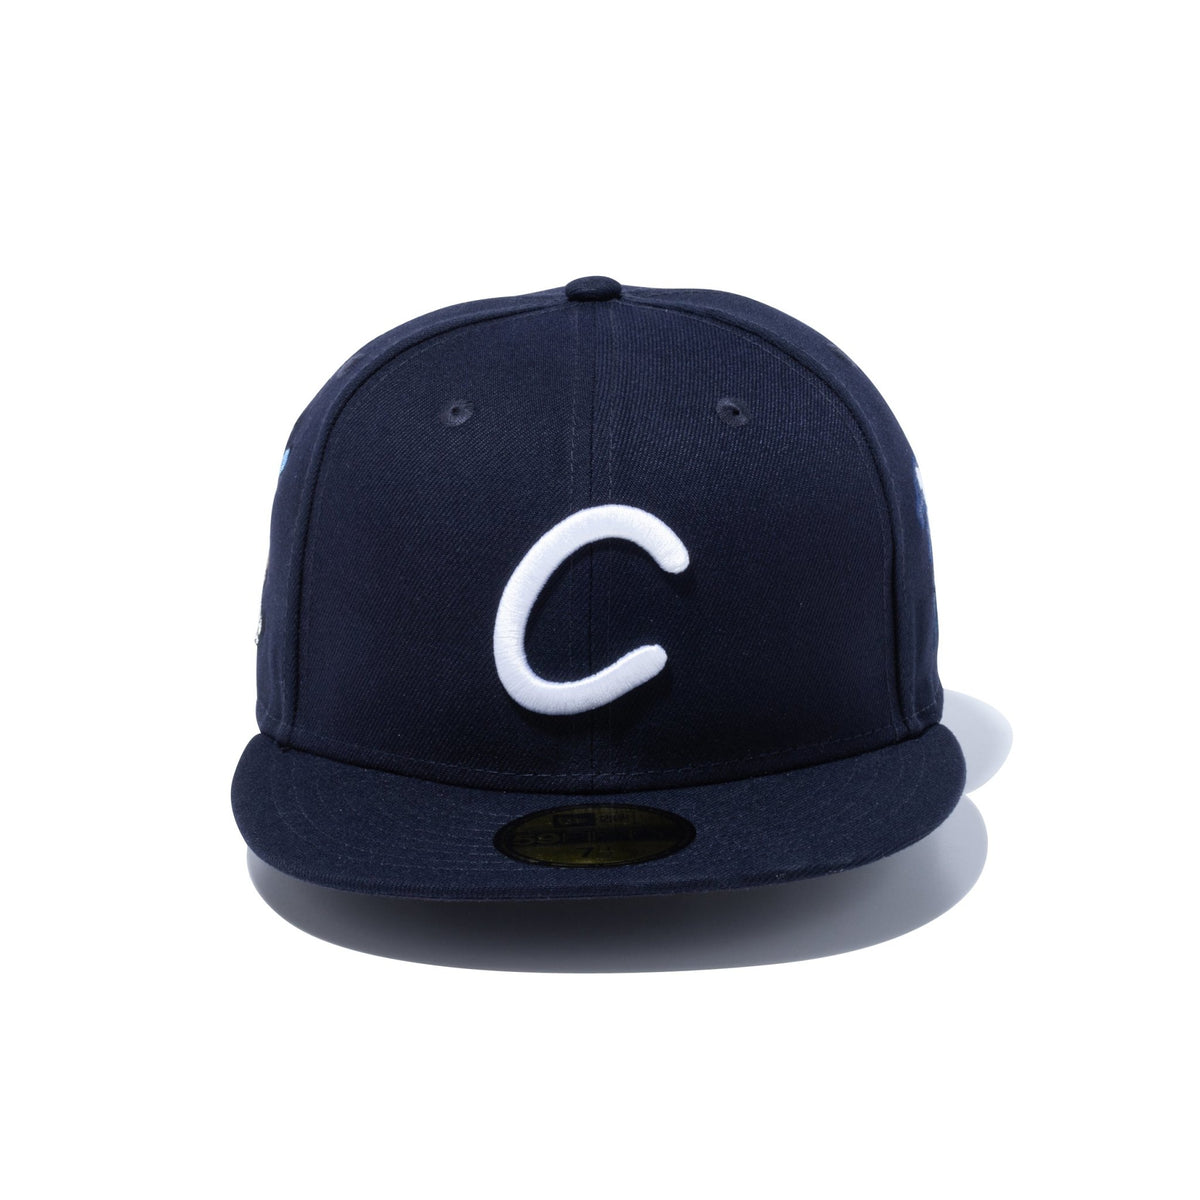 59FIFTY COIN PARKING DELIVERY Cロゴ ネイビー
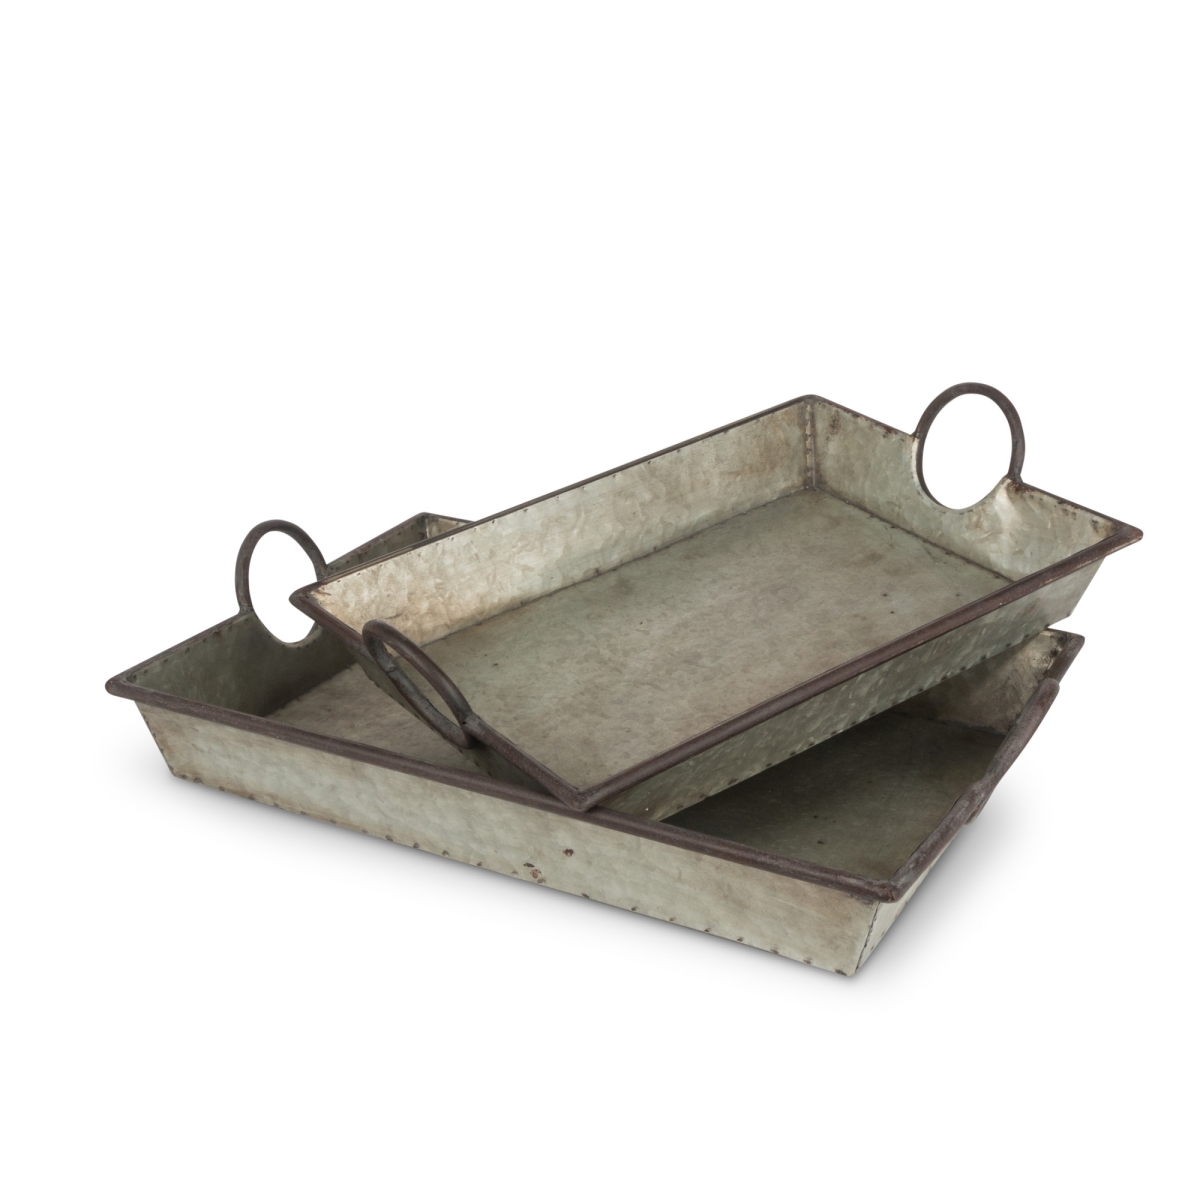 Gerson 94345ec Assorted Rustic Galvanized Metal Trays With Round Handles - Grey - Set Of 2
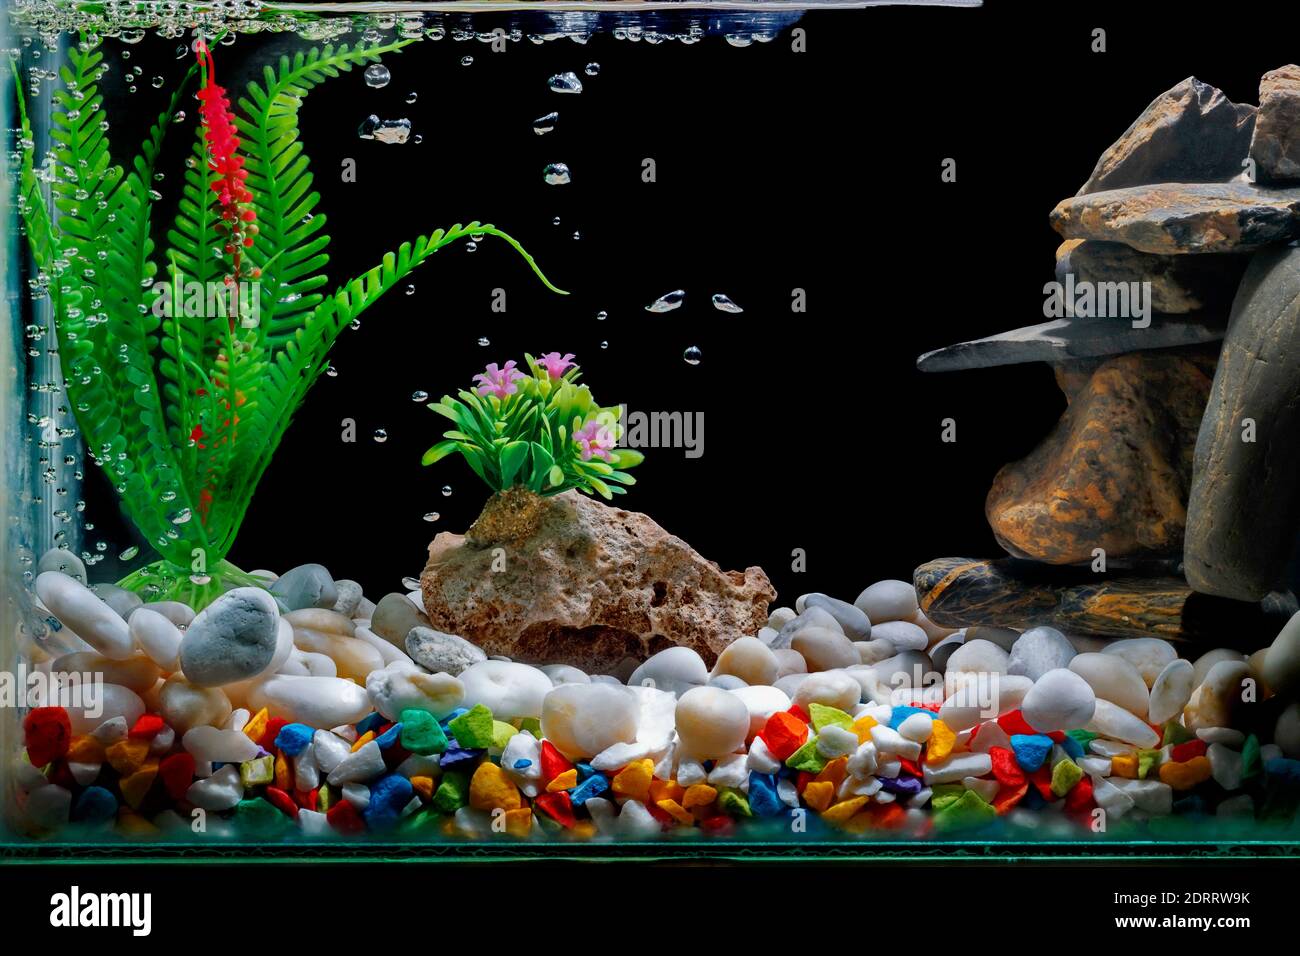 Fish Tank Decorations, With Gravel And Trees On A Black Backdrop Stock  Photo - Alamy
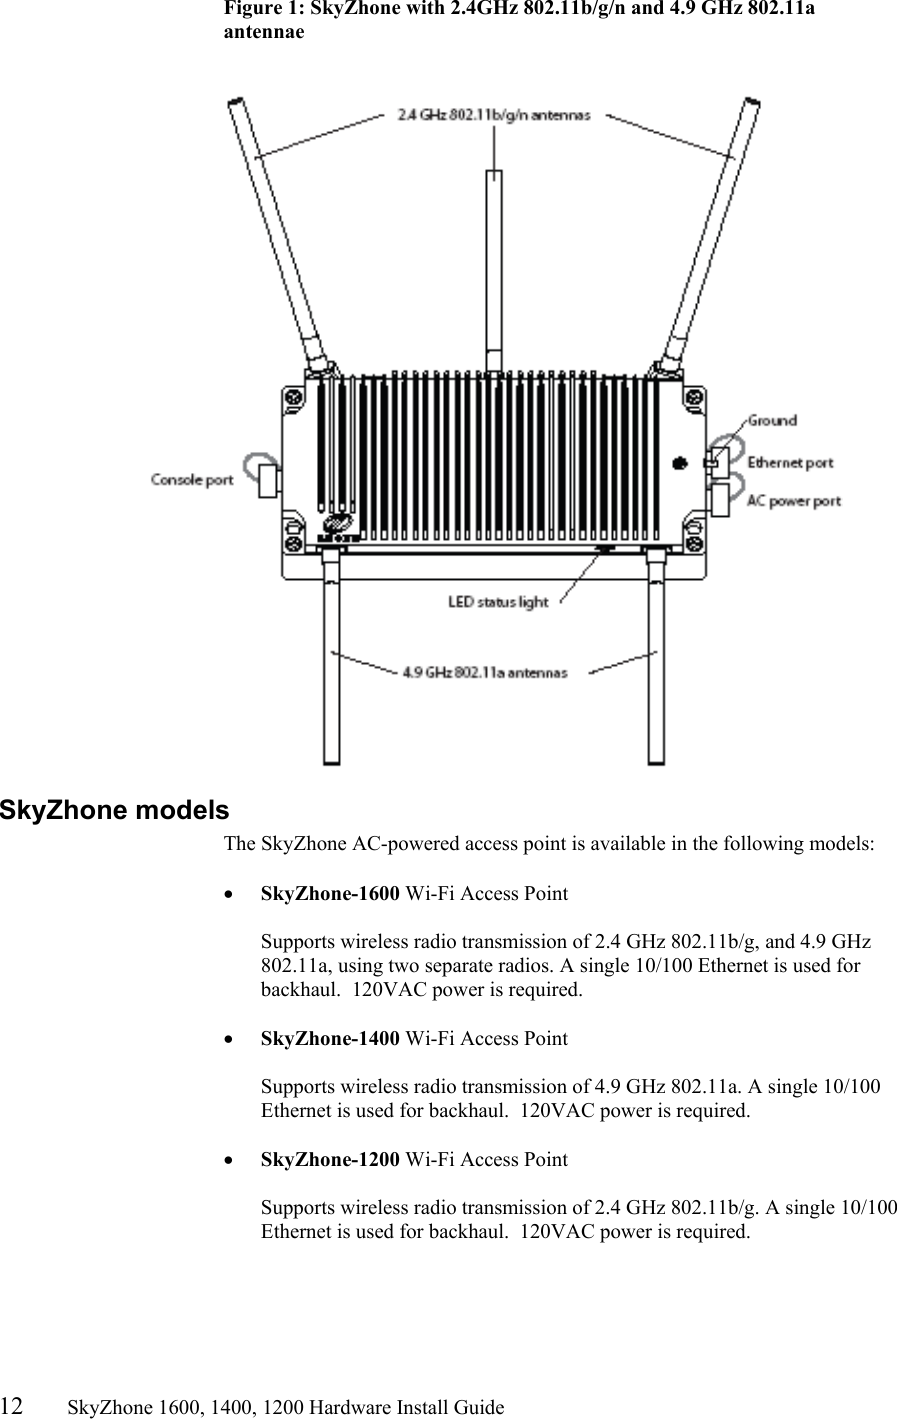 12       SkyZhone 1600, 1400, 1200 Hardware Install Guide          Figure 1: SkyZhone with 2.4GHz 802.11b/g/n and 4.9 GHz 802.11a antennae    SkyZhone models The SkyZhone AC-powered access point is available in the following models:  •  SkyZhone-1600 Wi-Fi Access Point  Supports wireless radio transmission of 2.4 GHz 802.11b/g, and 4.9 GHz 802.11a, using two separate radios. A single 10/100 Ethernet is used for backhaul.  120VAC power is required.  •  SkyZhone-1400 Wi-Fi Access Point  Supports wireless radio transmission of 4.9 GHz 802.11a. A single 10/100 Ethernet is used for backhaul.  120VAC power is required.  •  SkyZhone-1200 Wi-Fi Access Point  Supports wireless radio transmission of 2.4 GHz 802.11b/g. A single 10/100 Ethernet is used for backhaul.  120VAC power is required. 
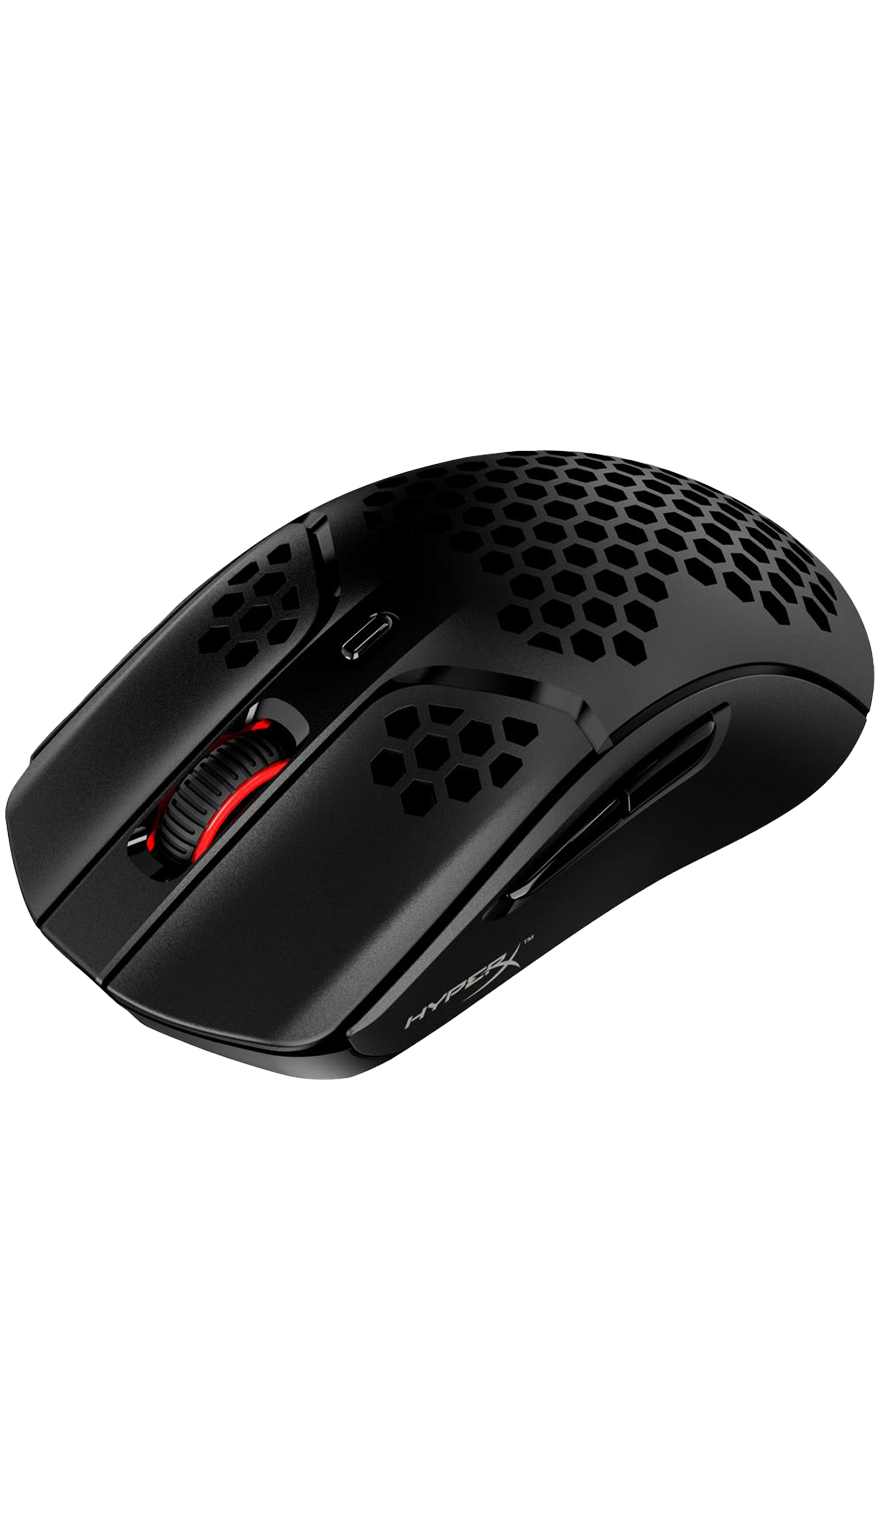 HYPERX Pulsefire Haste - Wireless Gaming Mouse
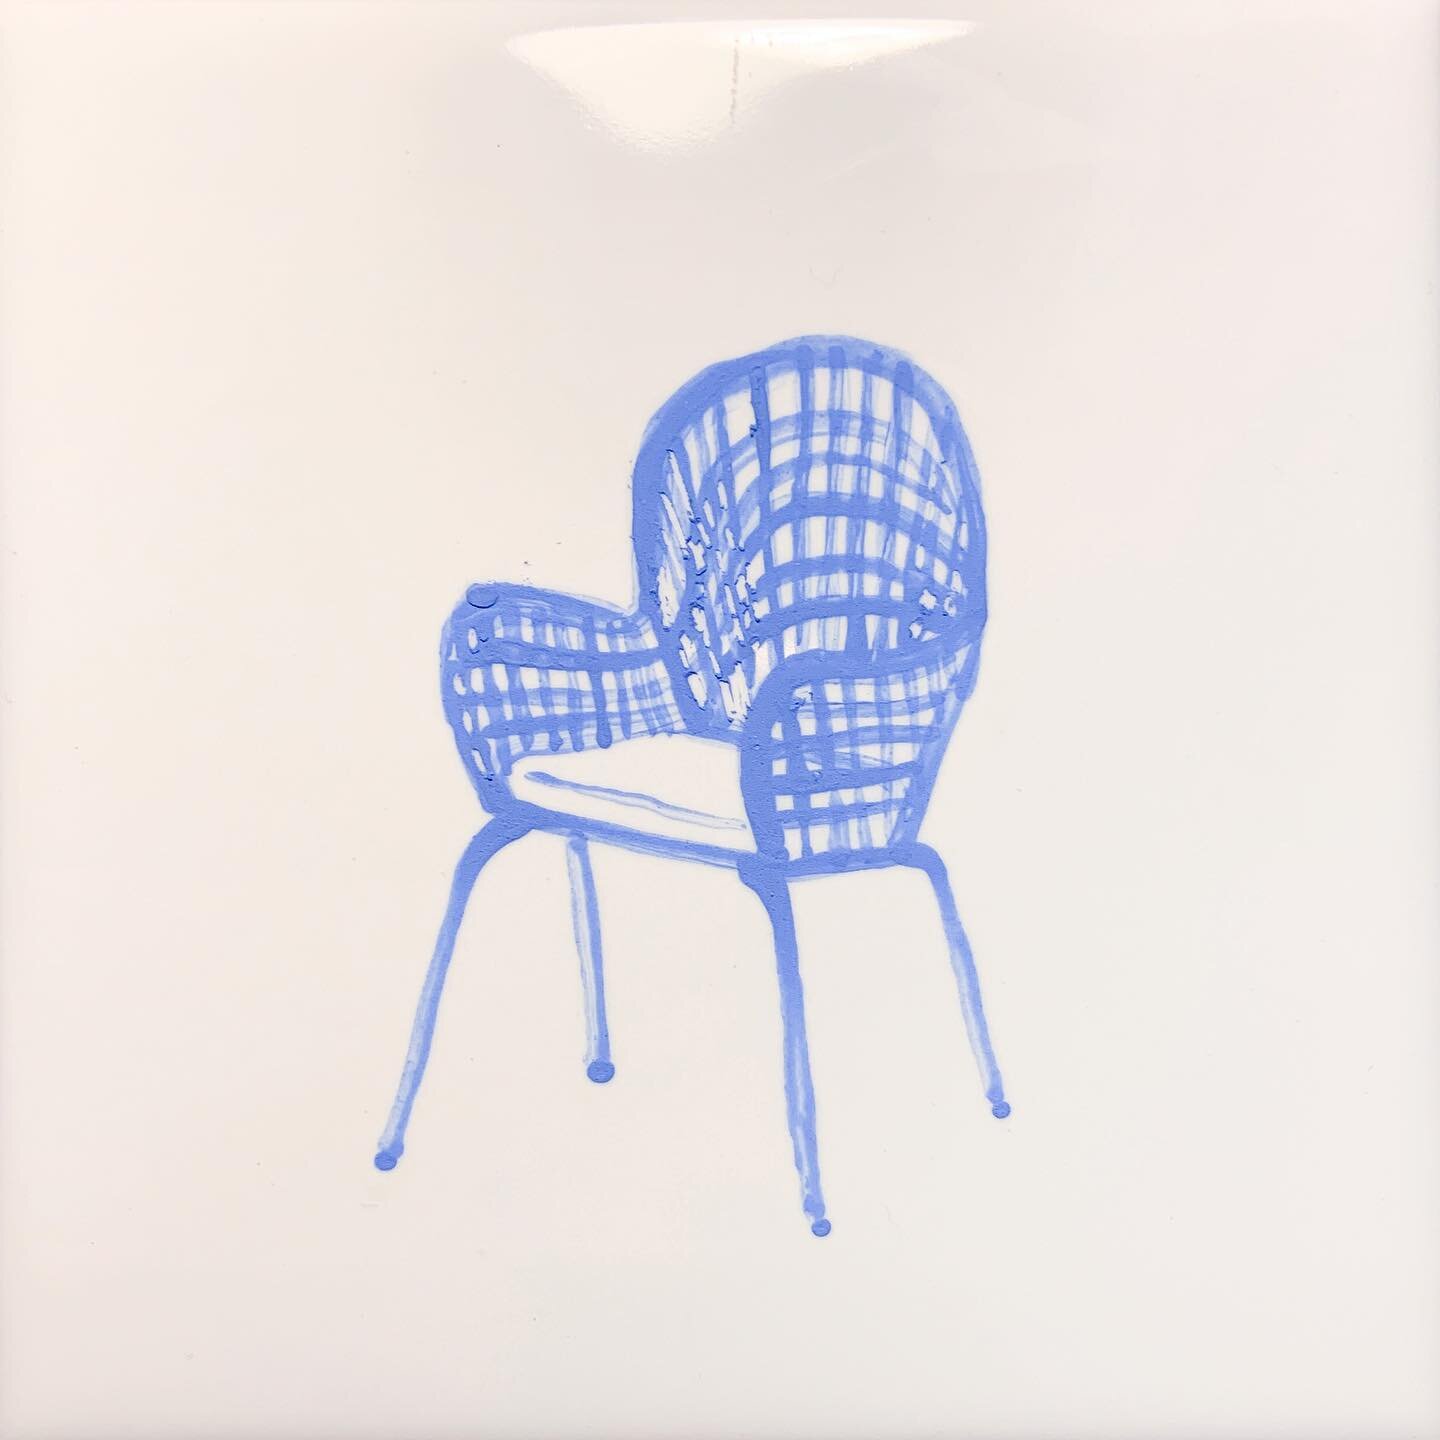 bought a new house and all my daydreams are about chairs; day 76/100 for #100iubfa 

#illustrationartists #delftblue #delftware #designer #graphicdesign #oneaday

# About this exercise
Extract, word for word, each line from the top of the data down to and including the line with "Fish Tank Decorations, With"; skip the pictures.

# Result below
 59FIFTY COIN PARKING DELIVERY Cロゴ ネイビー
 Gerson 94345ec Assorted Rustic Galvanized Metal Trays With Round Handles - Grey - Set Of 2
 Fish Tank Decorations, With Gravel And Trees On A Black Backdrop Stock  Photo - Alamy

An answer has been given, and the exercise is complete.